= Jill Green (dance educator) =

American dance educator and scholar

Jill Green is an American dance educator and scholar who originated the Social Somatic Theory. Green served on the faculty at the University of North Carolina at Greensboro and was co-editor of Dance Research.

== Biography ==
Green received a Master of Arts degree in dance and dance education from New York University in 1981. After graduating from New York University she taught in New York City public schools. She received a doctorate in Somatics and Movement Arts from Ohio State University in 1993. Later that year, she joined the faculty at the University of North Carolina at Greensboro where she worked as a professor of dance and as the director of graduate studies for the UNCG School of Dance. She was a 2003 Fulbright Scholar and conducted research at the Theatre Academy of Finland. Green's academic research focused on somatics, kinaesthetics, proprioception and the socio-political and gender issues related to the body in dance and dance education. Green is the originator of the Social Somatic Theory and is a master teacher of Kinetic Awareness, a movement approach created by Elaine Summers. Her research has been published in Dance Research, Research in Dance Education, Journal of Dance and Somatic Practices, Journal of Dance Education, Arts and Learning, Impulse, and Frontiers: Journal of Women's Studies.

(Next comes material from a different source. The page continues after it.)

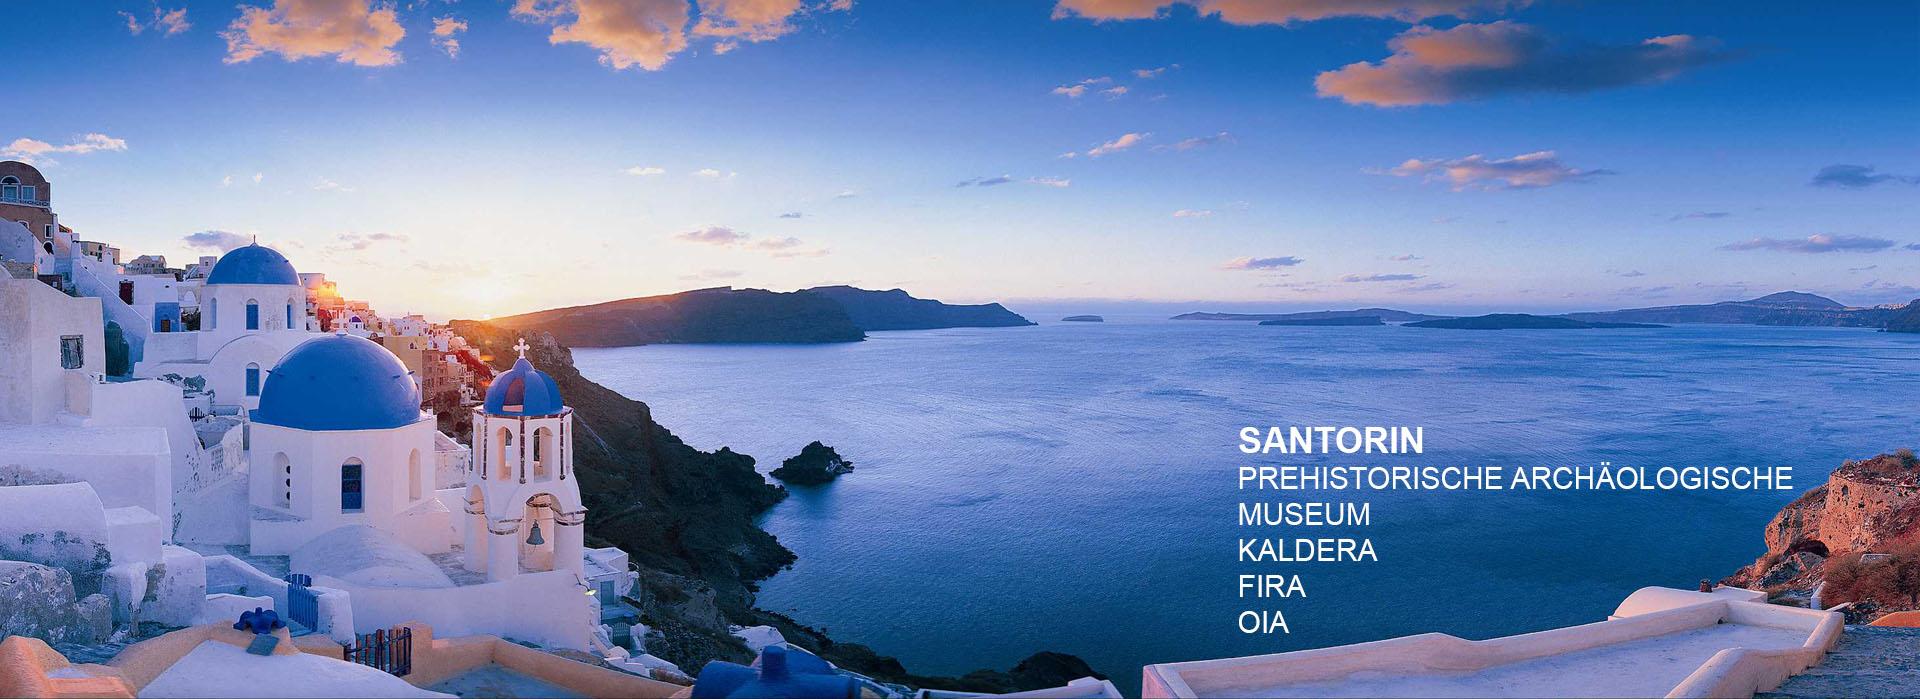 santorini-banner-DE

She was a co-editor of Dance Research, a bi-annual academic journal. She served on the board of reviewers for Dance: Current Selected Research.

In October 2016 Green gave a TedXTalk in Winston-Salem on stress and tension in the body.

In 2017 Green was awarded the Outstanding Dance Education Research Award at the National Dance Education Conference and was invited to be the keynote speaker at the International Symposium of the Performing Arts in Brazil.

In 2019, while Janet Lilly was on sabbatical from the UNCG School of Dance, Green served as the interim director. She retired from the University of North Carolina at Greensboro in April 2019.